Georgian officials stuck to their measured neutrality following Russia’s 2022 invasion of Ukraine, flatly refusing what they described as Kyiv’s requests to open a second front against Russia. The backlash to this foreign influence bill represents a culmination of Western and Ukrainian frustrations with Georgia’s continued insistence on maintaining a passive, neutral stance toward Russia. But this kind of retaliation, and the deeper punitive measures proposed in the Senate bill, do not incentivize Georgian Dream to reverse course on their Russia policy. Instead, they only serve to reaffirm Georgian Prime Minister Irakli Kobakhidze’s suspicions that Georgia is being dragged by the West into open conflict with Russia. If pushed far enough by Western threats of punishment, it is not difficult to see Georgian Dream officials taking additional steps toward normalizing relations with Russia as a way of counterbalancing the West. Politically well-connected Russian media outlet Kommersant has already floated the idea that there may be space for a potential compromise between Moscow and Tbilisi whereby Abkhazia is reintegrated into Georgia as part of a confederation arrangement. These whispers of a settlement, which have gotten so loud that Abkhazian authorities felt compelled to recently comment on them, should worry Western proponents of a maximum-pressure strategy against Georgian Dream.
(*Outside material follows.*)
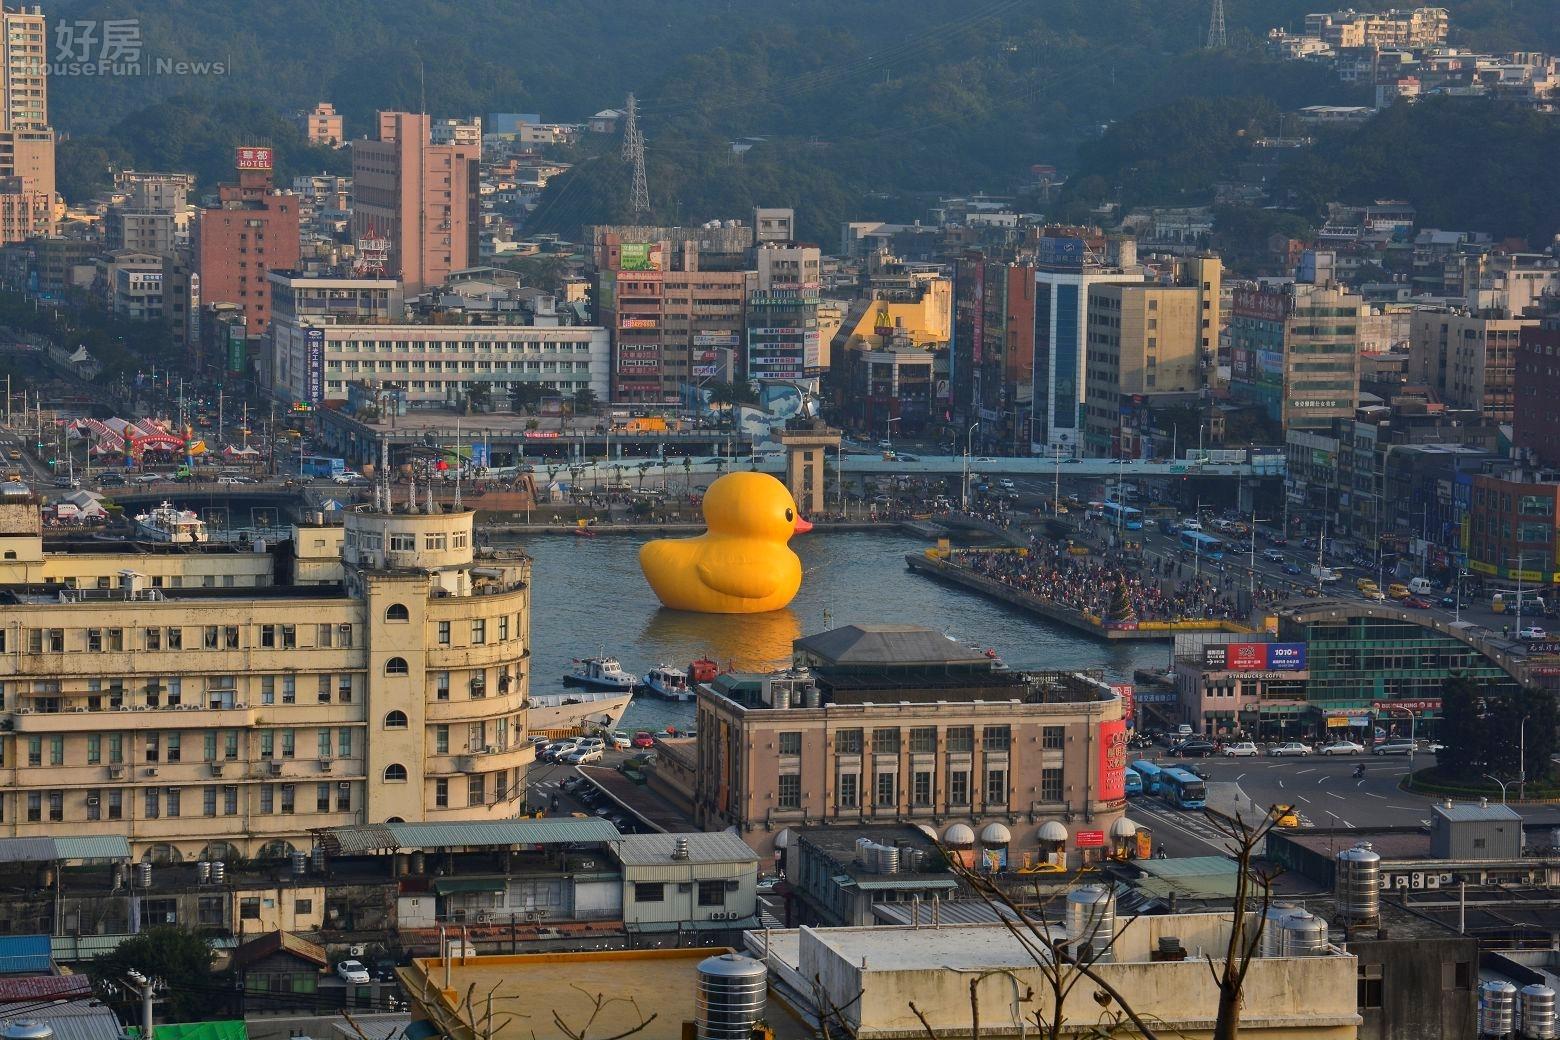 基隆黃色小鴨帶來大量觀光人潮,山景宅、水岸宅、海岸宅。(好房News記者 陳韋帆/攝影)
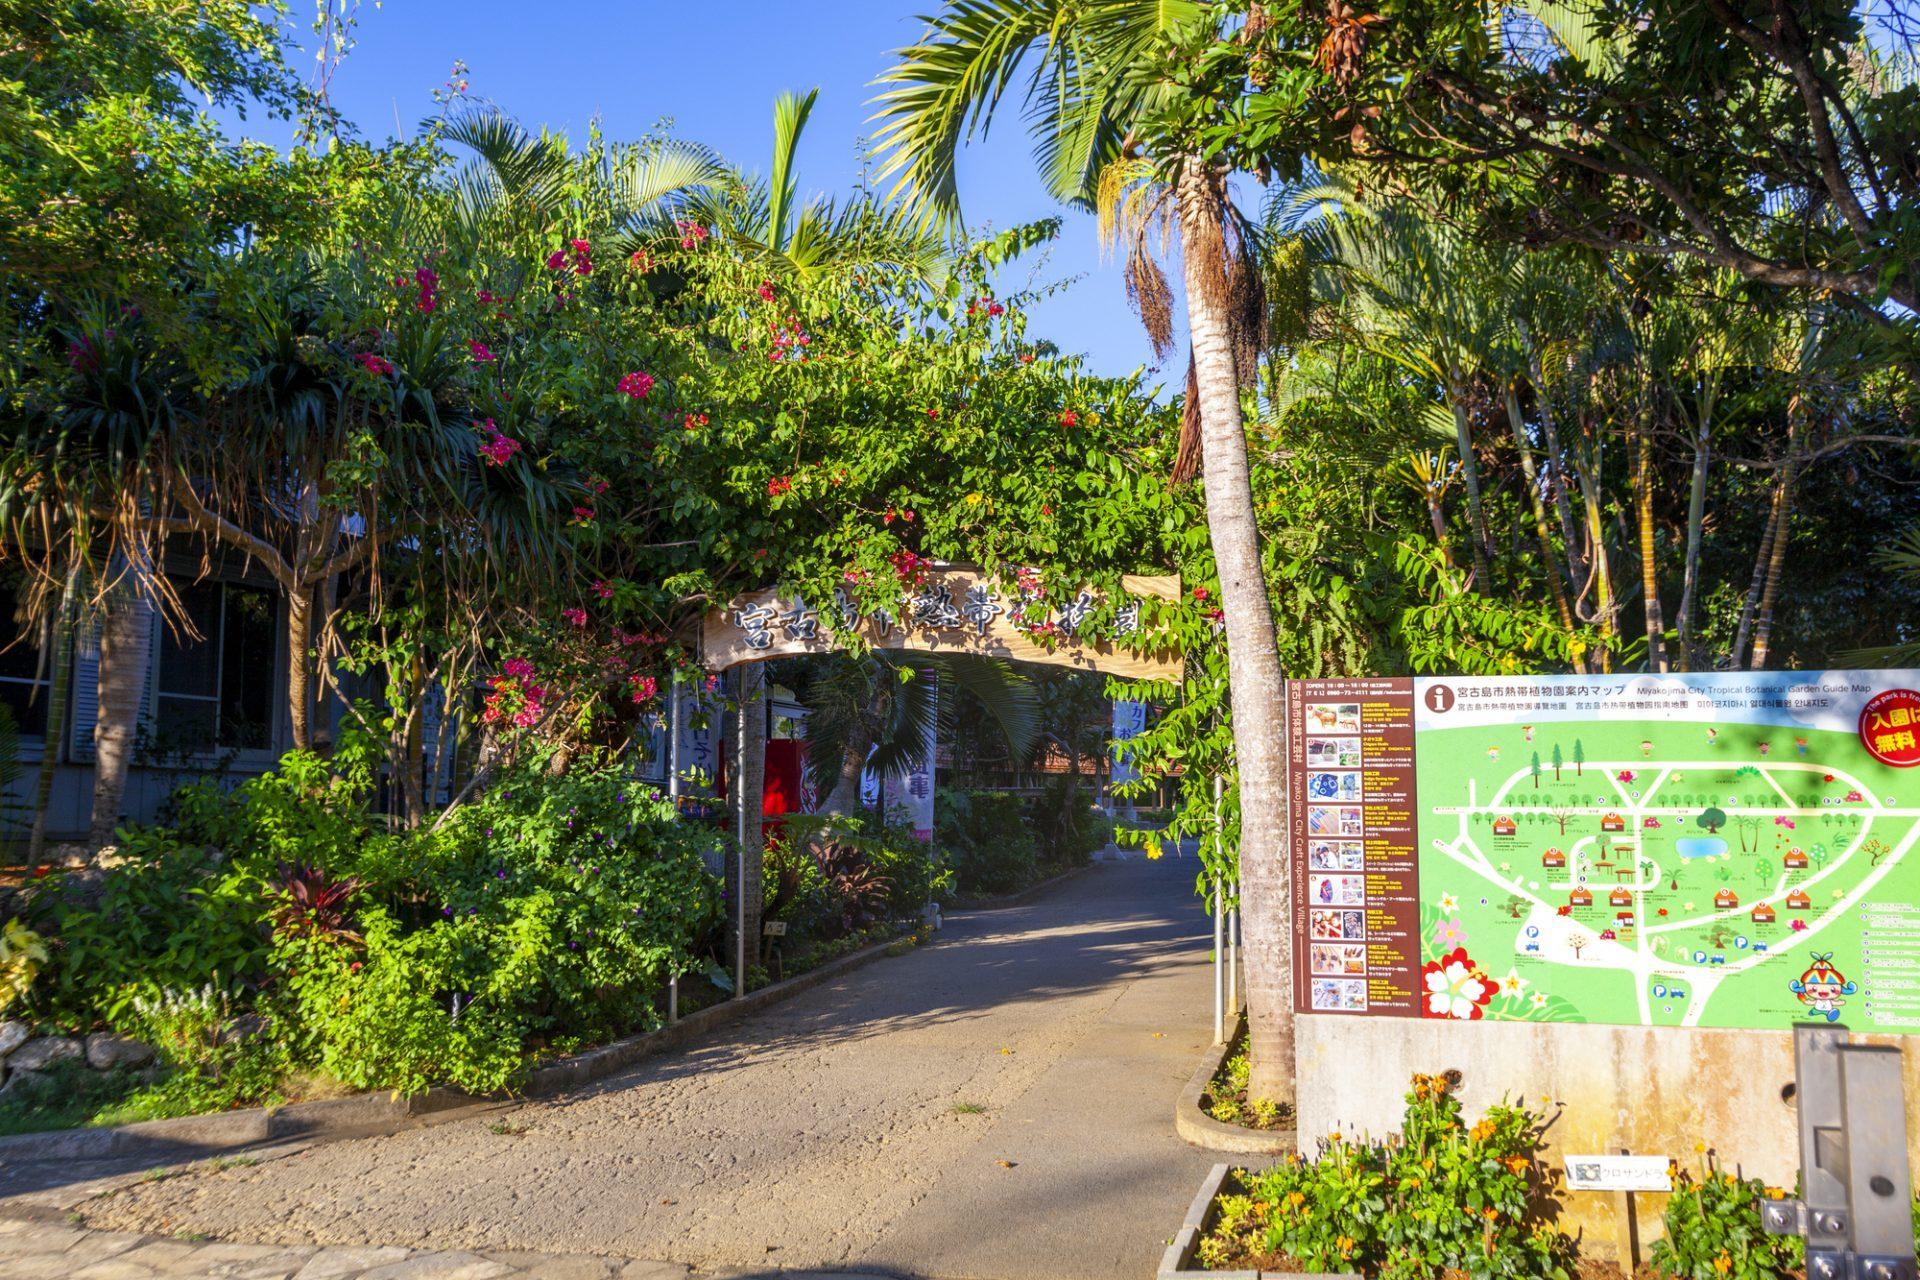 宮古島市熱帯植物園 宮古島 観光 スポット おすすめ 沖縄 旅行

The West’s heavy-handed attempts to pressure Georgian lawmakers into abandoning the law and adopting a more confrontational stance toward Russia are not only ineffective and counterproductive, but, ironically, underscore Georgian Dream’s argument about the need to curb foreign influence in the country’s domestic politics. Indeed, attempts by a group of larger, much wealthier countries to exercise veto power over the Georgian government’s ability to regulate the activities of NGOs within its territory runs counter to the basic principles of state sovereignty and self-determination. It is even more problematic when great powers intervene in this way to thwart the passage of a law that would potentially limit their own ability to indirectly shape another country’s domestic politics, suggesting a degree of cynical self-interest that belies the democratizing agenda at the heart of Western opposition to this law.
Georgia’s NGO bill is not a gauntlet thrown down before the West, nor is it a declaration of affinity for Russia. Indeed, Georgian Dream has not abandoned EU accession as a long-term aspiration and is still seeking to cooperate with the U.S. and EU across a wide range of economic, political, and security topics. Attempts by some U.S. and EU leaders to cast the law as a civilizational choice between Russian-aligned autocracy and Western liberal democracy distort the bill’s contents, misread the Georgian government’s underlying intentions, and, if taken to their policy conclusions, risk facilitating the Russo-Georgian convergence they are meant to prevent.